# Deploying a Model Using SageMaker Endpoints

This notebook demonstrates how to register a model in the SageMaker Model Registry and then deploy it as a SageMaker Endpoint.

We'll walk through the following steps:
1. Set up necessary imports and configurations.
2. Register a model in the SageMaker Model Registry.
3. Retrieve the model from the SageMaker Model Registry.
4. Create an endpoint configuration.
5. Deploy the model as a SageMaker Endpoint.
6. Make predictions using the endpoint.

This example assumes that the model is a linear regression model trained using the Linear Learner algorithm and is for house price prediction based on input data in CSV format.

# Step 1: Import Libraries and Get Role
Firstly we need to import the SageMaker SDK for Python packages we are going to need as well as specify what S3 bucket we will be using.

In [None]:
# Step 1: Import necessary libraries
import boto3
import time
import sagemaker
from sagemaker import get_execution_role
from sagemaker.session import Session
from sagemaker import Model
from sagemaker import ModelPackage

# Define your SageMaker session and role
sagemaker_session = Session()
role = get_execution_role()

# Define S3 bucket and prefix
s3_bucket = sagemaker_session.default_bucket()
s3_prefix = '/model'

print(role)

# Step 2: Register Model Package
We have the model.tgz artifact created by the training process in lab4 present here in the file system of our JupyterLab host. But we want it in an accessible location for registration into the model registry and for use by SageMaker Endpoints.

In this lab, we are now in a new environment and SageMaker doesn't know about our model artifact. So we need to wrap that artifact up and save as what is called a model package. This will make SageMaker aware of the model package and we can start to reference it.

Now, SageMaker Model Registry is now our go-to location for storing all metadata about models and we will be using it in this lab. However, its important to understand why artifacts show up in specific locations in the UI. Remember we had SageMaker Notebooks, Training Jobs and Inference long before we had SageMaker Studio? Well, we are going to create a model package so that SageMaker can reference our model and use it for creating entities like endpoints for inference.

Once we have done that, we will then use the newer model registry feature which we find within Sagemaker Studio.


In [None]:
# Upload the model artifact to S3
local_file_path = 'model.tar.gz'
s3_uri = sagemaker_session.upload_data(local_file_path, bucket=s3_bucket, key_prefix = s3_prefix)
print(f"File uploaded to: {s3_uri}")
model_artifact = f's3://{s3_bucket}/{s3_prefix}/model.tar.gz'

# Determine what AWS region we are in
region = sagemaker_session.boto_region_name

# Retrieve the Linear Learner image URI
container_image_uri = sagemaker.image_uris.retrieve(framework="linear-learner", region=region)

# Print path to container image
print(f"SageMaker Linear Learner Image URI: {container_image_uri}")

# Assign a meaningful name to the model
model_name = 'house-prices'  # Give it a name for identification

# Create the SageMaker model
model = Model(
    image_uri=container_image_uri,  # Use the appropriate image URI for your model's container
    model_data=model_artifact,      # Path to the model artifact (model.tgz)
    role=get_execution_role(),
    name=model_name
)

# Now, the model will be registered in SageMaker and show up in the management console

model.create()


Now that might not have seemed exciting, but if you now navigate to the browser tab that shows the AWS management console which should still be open at SageMaker AI we should be able to see our model.
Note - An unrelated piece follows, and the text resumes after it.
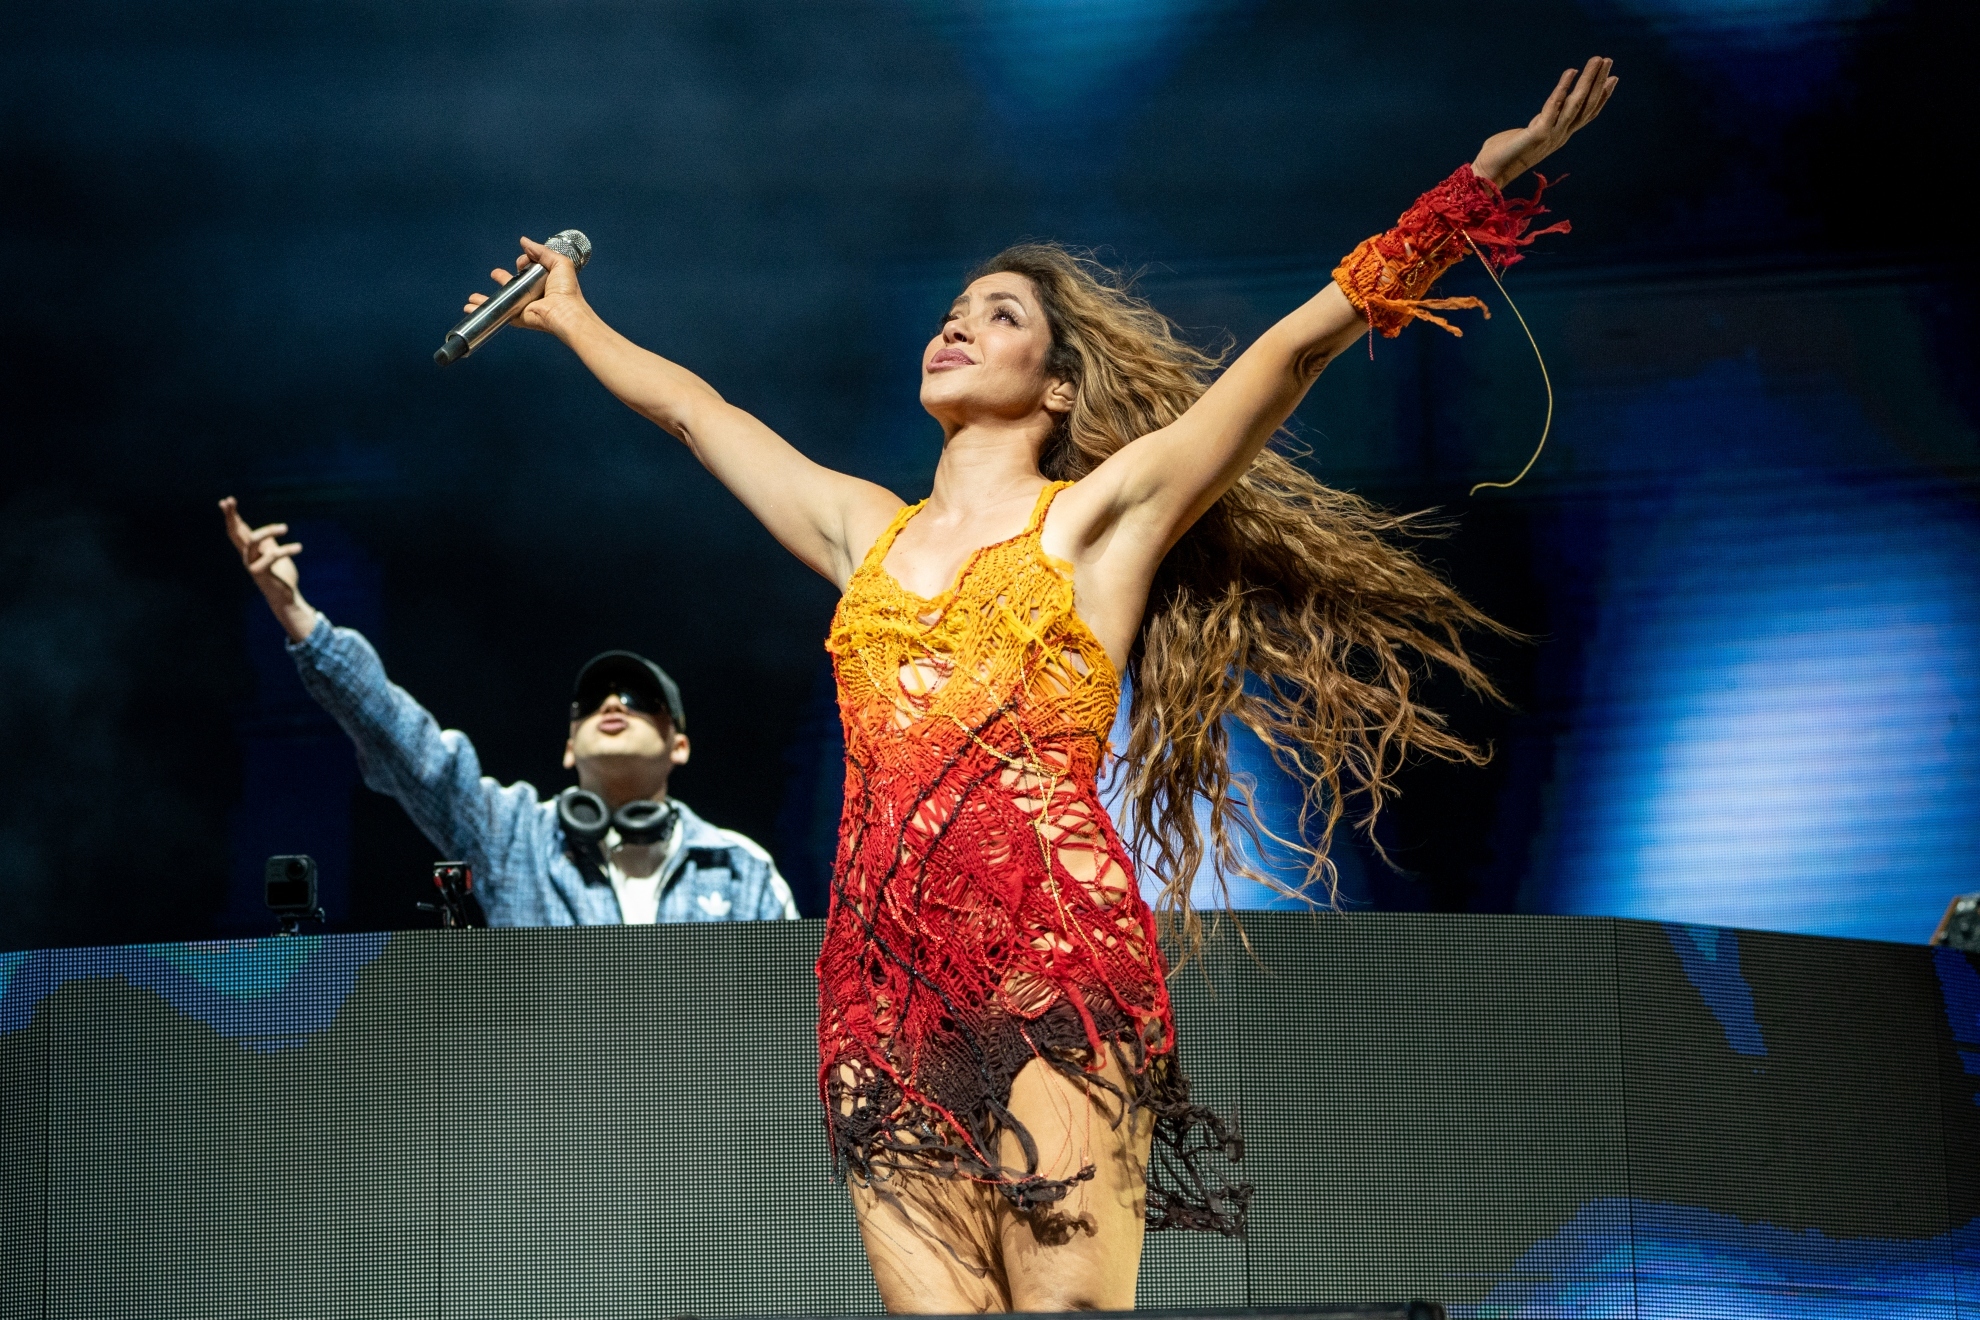 From Barcelona blues to Miami bagic: Shakiras triumphant turnaround

If you look to the left side navigation bar, under inference heading, there is a menu option called models. Click on that and you can find our model as a SageMaker entity! Click into the details and you will see the container image and S3 location of the model artifact.

If you want to see the same thing but in the SageMaker Studio (newer) interface, click on your browser tab that has the Studio open. Below the applications panel in the left side navigation bar, you will see an option called Models. Click into there and you find an empty panel because we are looking at registered models - i.e. a model package that is registered in the SageMaker Model Registry. 

But the model registry is not a mandatory component. It's optional. So if we want to see our model package that we created (which points at our S3 model artifact), then click on the deployable models tab and there is our model we created!


# Step 2: Create a Model Package Group in SageMaker Model Registry
Now, we will start with the Model Registry. Remember, with model registry we get to track our models lineage and have approval associated with them. We could have a governance officer who approves models subject to metrics inspection who has permission to approve. That approve action could then be a CI/CD trigger to deploy a model into a production AWS account!

But for now, we are just going to see how we register a model into the model registry with a pending approval status and we will manually approve later on. Before we can register our model however, we need too create a model package group in the model registry first.

To work with the model registry, we are going to use the AWS SDK for Python (boto3) rather than the SageMaker SDK for Python. It is common that we have to switch between SDKs to be able to perform specific steps. The SageMaker SDK is great for high level ML actions, while the boto3 SDK is ideal for low level configuration changes.


In [None]:
# Create a model package group
model_package_group_name = 'house-price-prediction-group'
model_package_group_description = 'KodeKloud Demystifying SageMaker model package group for house price prediction'
sagemaker_client = boto3.client('sagemaker')

try:
    sagemaker_client.create_model_package_group(
        ModelPackageGroupName=model_package_group_name,
        ModelPackageGroupDescription=model_package_group_description
    )
    print(f'Created Model Package Group: {model_package_group_name}')
    
except sagemaker_client.exceptions.ResourceInUse:
    print(f'Model Package Group {model_package_group_name} already exists.')


# Step 3: Register Model into SageMaker Model Registry
Ok, now we have a model registry model group, but its empty. You can switch browser tabs to SageMaker Studio and check under Models item in the left navigation menu and see the house price prediction group.

Next we will register our model into this newly created model group. We will register the model with a status of pending approval, thereby requiring us to do a manual approval before we use it.

In [None]:
# Register the model

model_approval_status = "PendingManualApproval"
customer_metadata_properties = {"ModelType": "HousePricePrediction"}

model_package = model.register(
    content_types=["text/csv"],
    response_types=["text/csv"],
    inference_instances=["ml.m5.large", "ml.m5.large"],
    transform_instances=["ml.m5.large"],
    model_package_group_name=model_package_group_name,
    approval_status=model_approval_status,
    customer_metadata_properties=customer_metadata_properties,
)

print(f"Model package version ARN: {model_package.model_package_arn}")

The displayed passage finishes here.